Larry Behrens, a former spokesman for Gov. Susana Martinez as well as a spokesman for House Republicans, now works for Power the Future. No, that’s not some old Public Enemy album. It’s a Washington, D.C.-based organization that bills itself as “the voice of energy workers pushing back on radical green groups and the ideologues who fund them.”

Power the Future doesn’t like New Mexico’s new Energy Transition Act. Thus, a few weeks ago, Behrens filed a public records request with the Legislative Council Service asking for various emails and other communications to and from Sen. Jacob Candelaria, D-Albuquerque, related to the energy legislation.

I don’t know exactly what Behrens wanted to do with these emails. Typically, advocacy groups of any political stripe make such requests to make the other side look bad. It’s a routine occurrence and nothing to be shocked at. Sometimes, I suppose it’s possible they’re looking for potential weaknesses in the bill. And if I want to put on my goody two-shoes, maybe he only wanted to learn more about the legislative process. (Yeah, that’s the ticket!)

But the truth is, it’s nobody’s business what he wanted to do with the emails. State law gives us all the right to inspect most records from public agencies — advocacy groups, lawyers, political parties, energy workers and their “voices,” radical green groups, reporters, everyone. State agencies have to let citizens look at their records.

Except one.

In mid-September, Behrens received a reply from Raul Burciaga, director of the Legislative Council Service. He said his agency found about 376 emails responsive to Behrens’ request.
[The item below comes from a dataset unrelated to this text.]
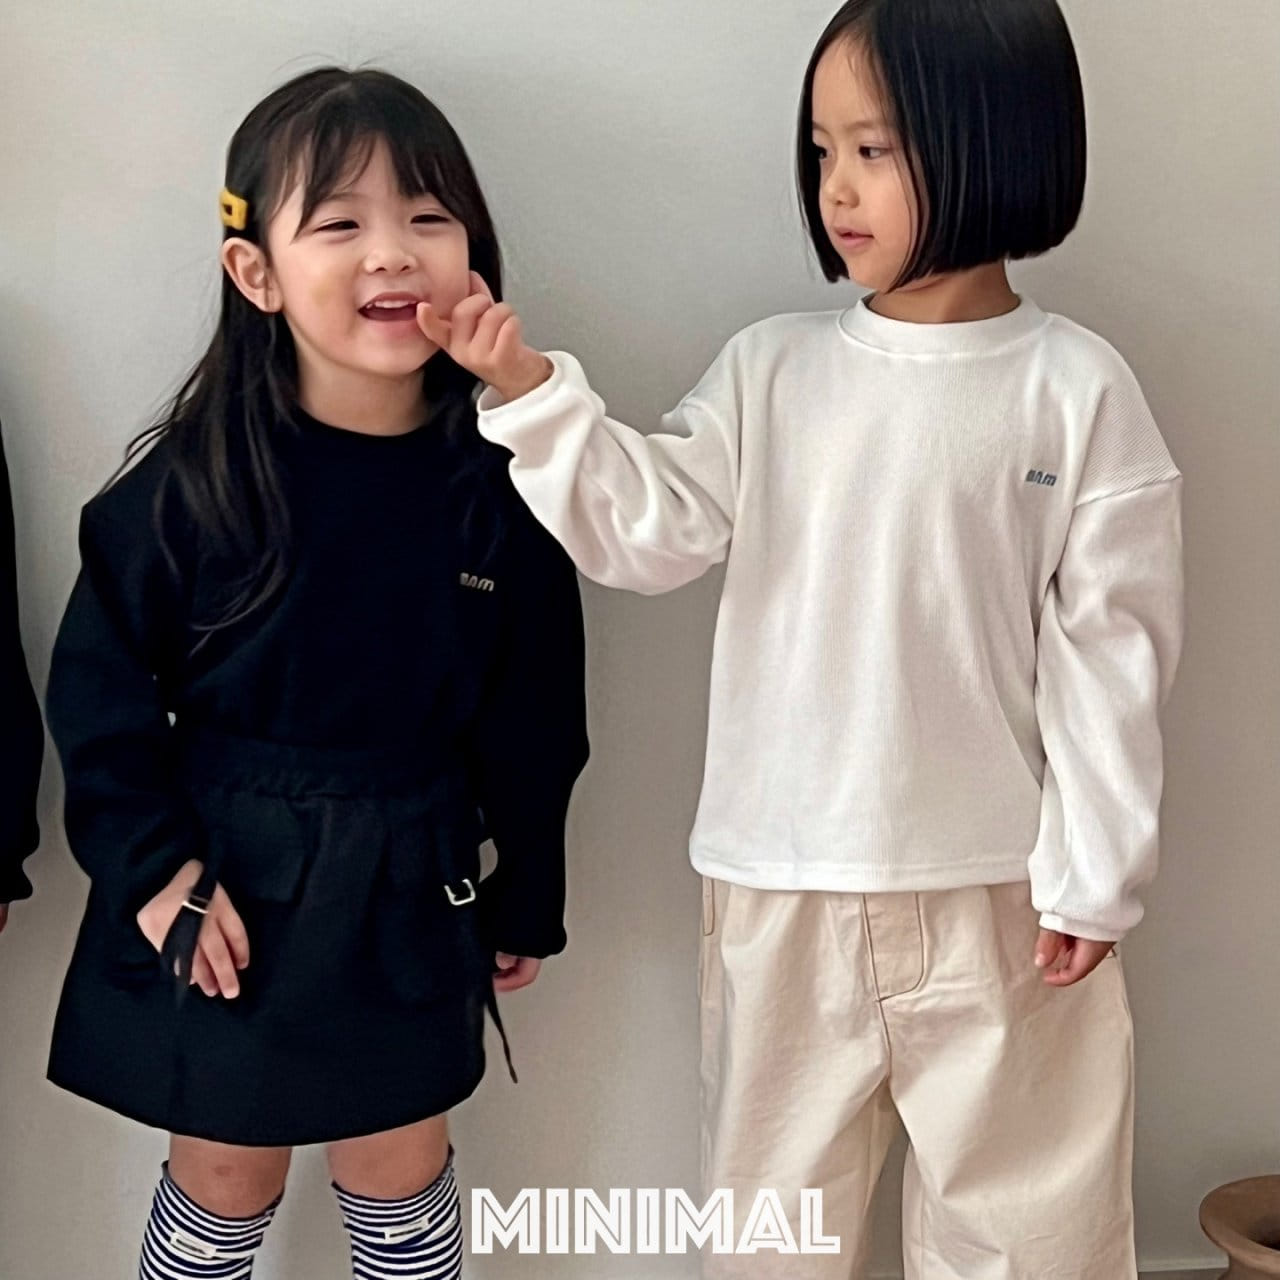 Minimal - Korean Children Fashion - #prettylittlegirls - Embroider Tee - 5

However, Burciaga told him that all but four of those were “confidential and privileged.”

Before we get mad at Burciaga, he can honestly say he’s just doing his job.
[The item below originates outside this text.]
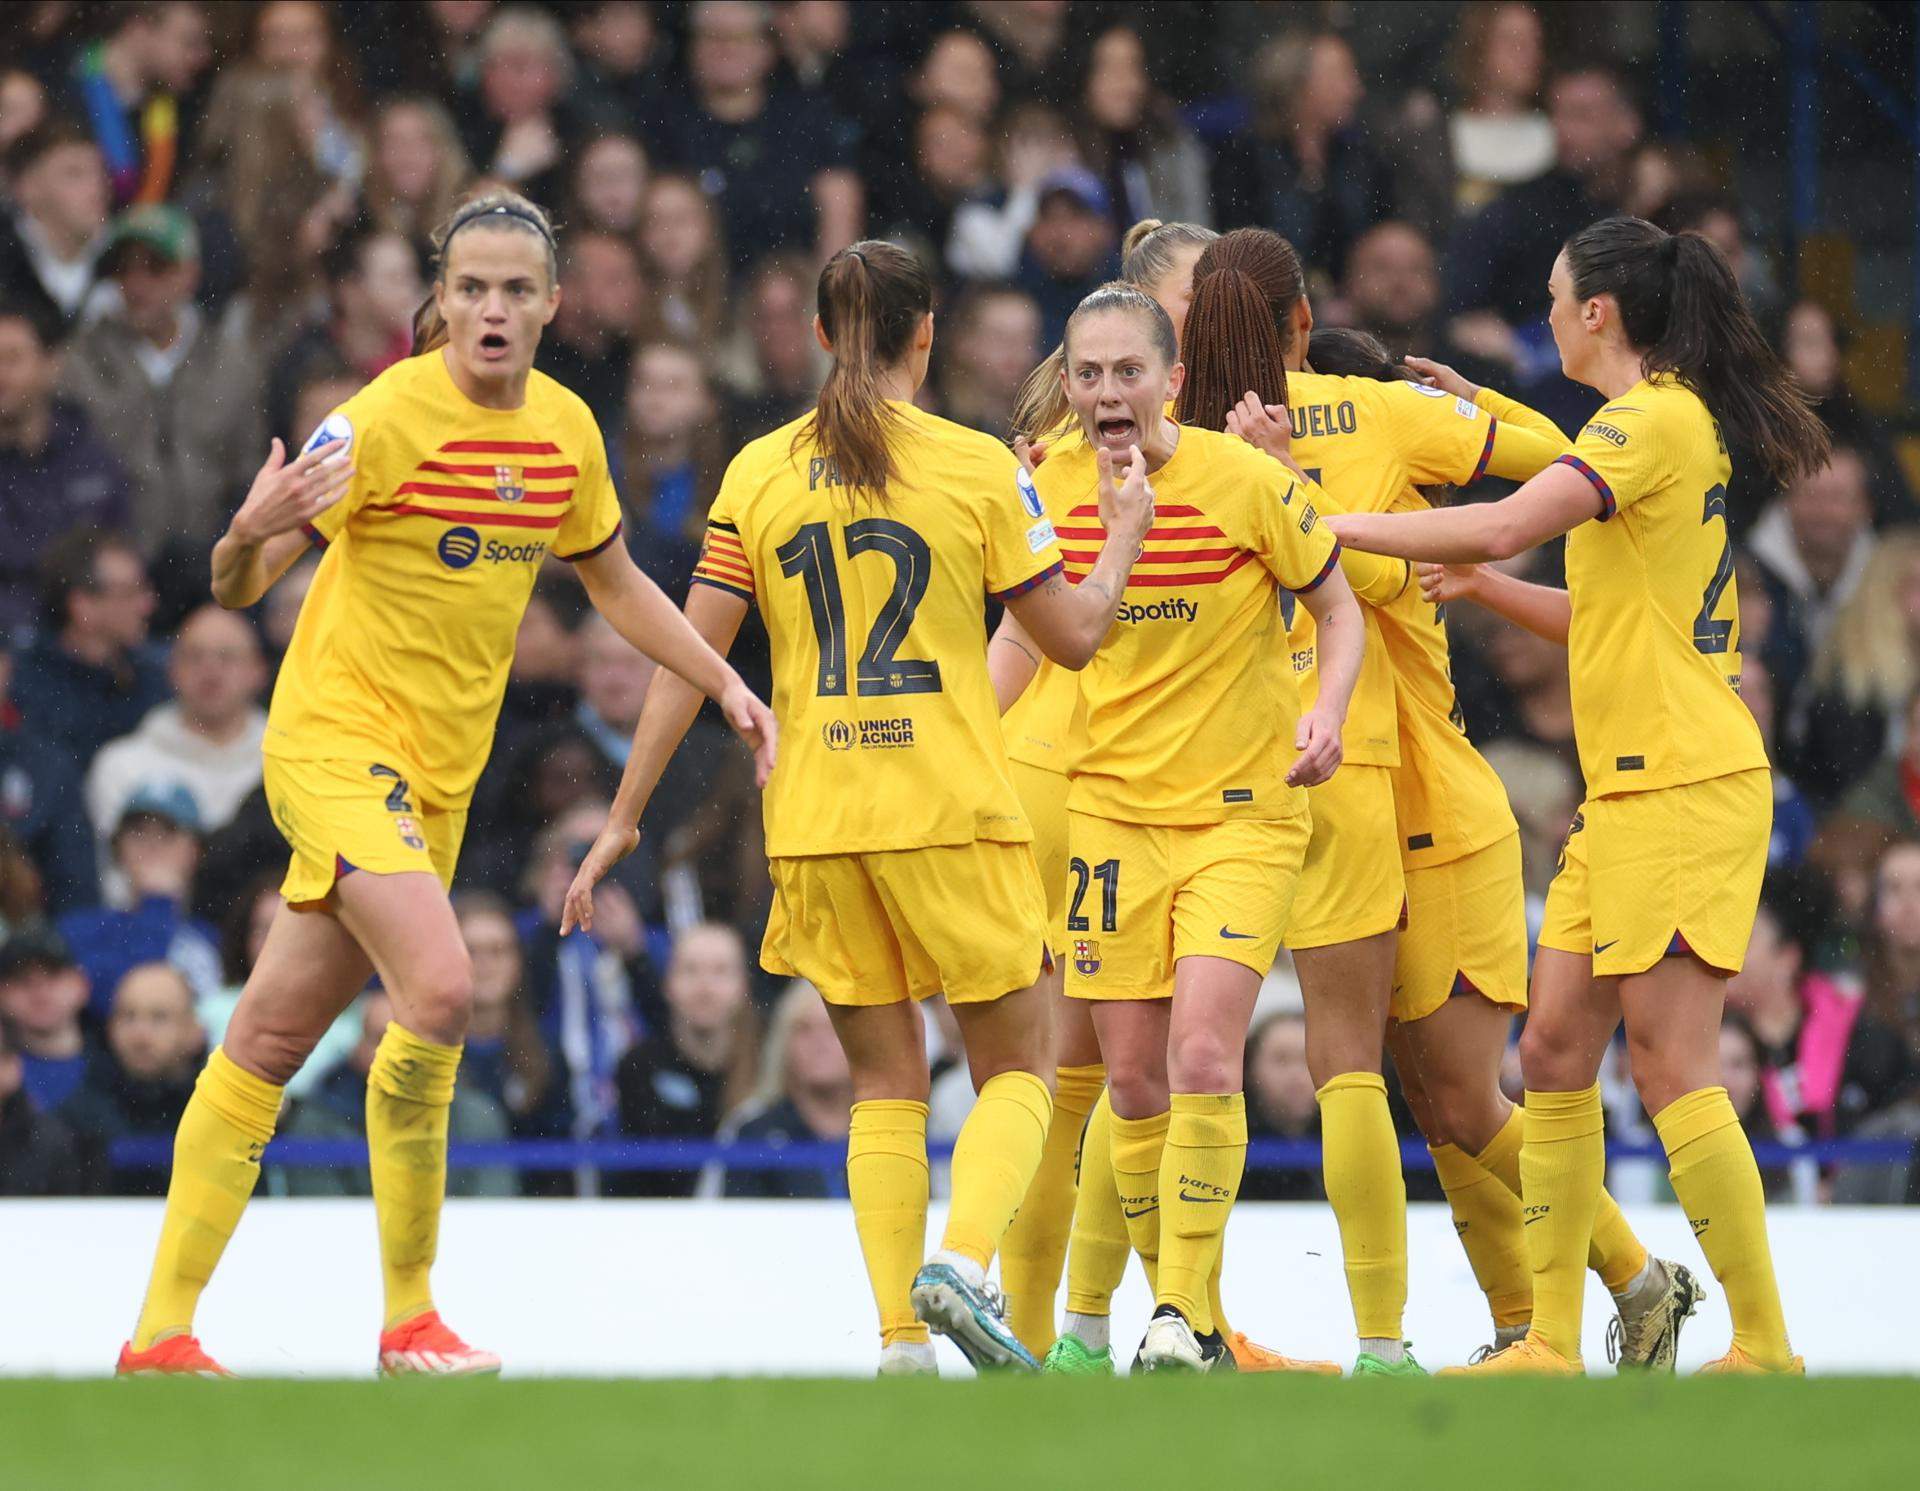 Remuntada històrica del Barça contra el Chelsea per tornar a la final de la Champions femenina (0-2)

The main culprit was a rule passed by the Legislature near the end of the 2013 session.

At the time, there were still reverberations from the disclosure that Behrens’ old boss, Martinez, and her staff routinely communicated via private email. That set off calls for more transparency — including the Legislature.

Though plenty of lawmakers expressed shock and anger over the executive branch trying to keep its communications off government servers, few in the House or Senate supported a call by both the Republican governor and Attorney General Gary King, a Democrat who would run against Martinez in 2014.

And in fact, in a proud display of widespread bipartisan cooperation, both chambers joined hands and voted overwhelmingly for a new rule that would codify the exact opposite of transparency.

In the Senate, only one member, Sen. Pete Campos, D-Las Vegas, voted against the information clampdown.

In the House, it passed 48-16. Among the 16 in opposition, eight were Republicans and eight were Dems, including Rep. Brian Egolf, D-Santa Fe, who now is speaker of the House.

Jon Boller, a Legislative Council Service lawyer, explained the rule to me in an email last week.

The 2013 rule, he said, “addresses how all legislative agencies should handle [Inspection of Public Records Act] requests, and maintain confidentiality for any requests for service made to those agencies. Thus, information related to drafting or amending a bill would be confidential, while any bill, substitute or amendment introduced in committee or on the floor would be a public record subject to disclosure.”

Of the 376 emails the Legislative Council Service withheld from Behrens, 346 were communications between the energy bill’s sponsor, Candelaria, and Julia Barnes, a policy analyst for Egolf.

I sincerely doubt there’s anything sinister in any of the “confidential and privileged” emails. But because they haven’t been released, we’ll never really know.

But besides the 2013 rule, the other reason given in Behrens’ rejection letter for keeping those emails secret was the “privileges and immunities” clause of the state constitution.

“In short, legislative privilege protects lawmakers from being compelled to provide testimony or produce documents related to their official legislative actions,” Boller wrote. “Courts have also recognized that the privilege extends beyond speeches and debate on the floor of the chamber to other acts that relate to an integral part of the deliberative and communicative process of legislating, such as information gathering, conducting investigations and publishing reports.”

I’m not a lawyer, but this seems like a big stretch of the original intent.

For one thing, one section of the clause never has been enforced. “And [legislators] shall not be questioned in any other place for any speech or debate or for any vote cast in either house.”

If taken literally, then I and every other Capitol reporter violates the constitution virtually every day during a session. It’s our job to question these guys.

Maybe I shouldn’t have pointed that out.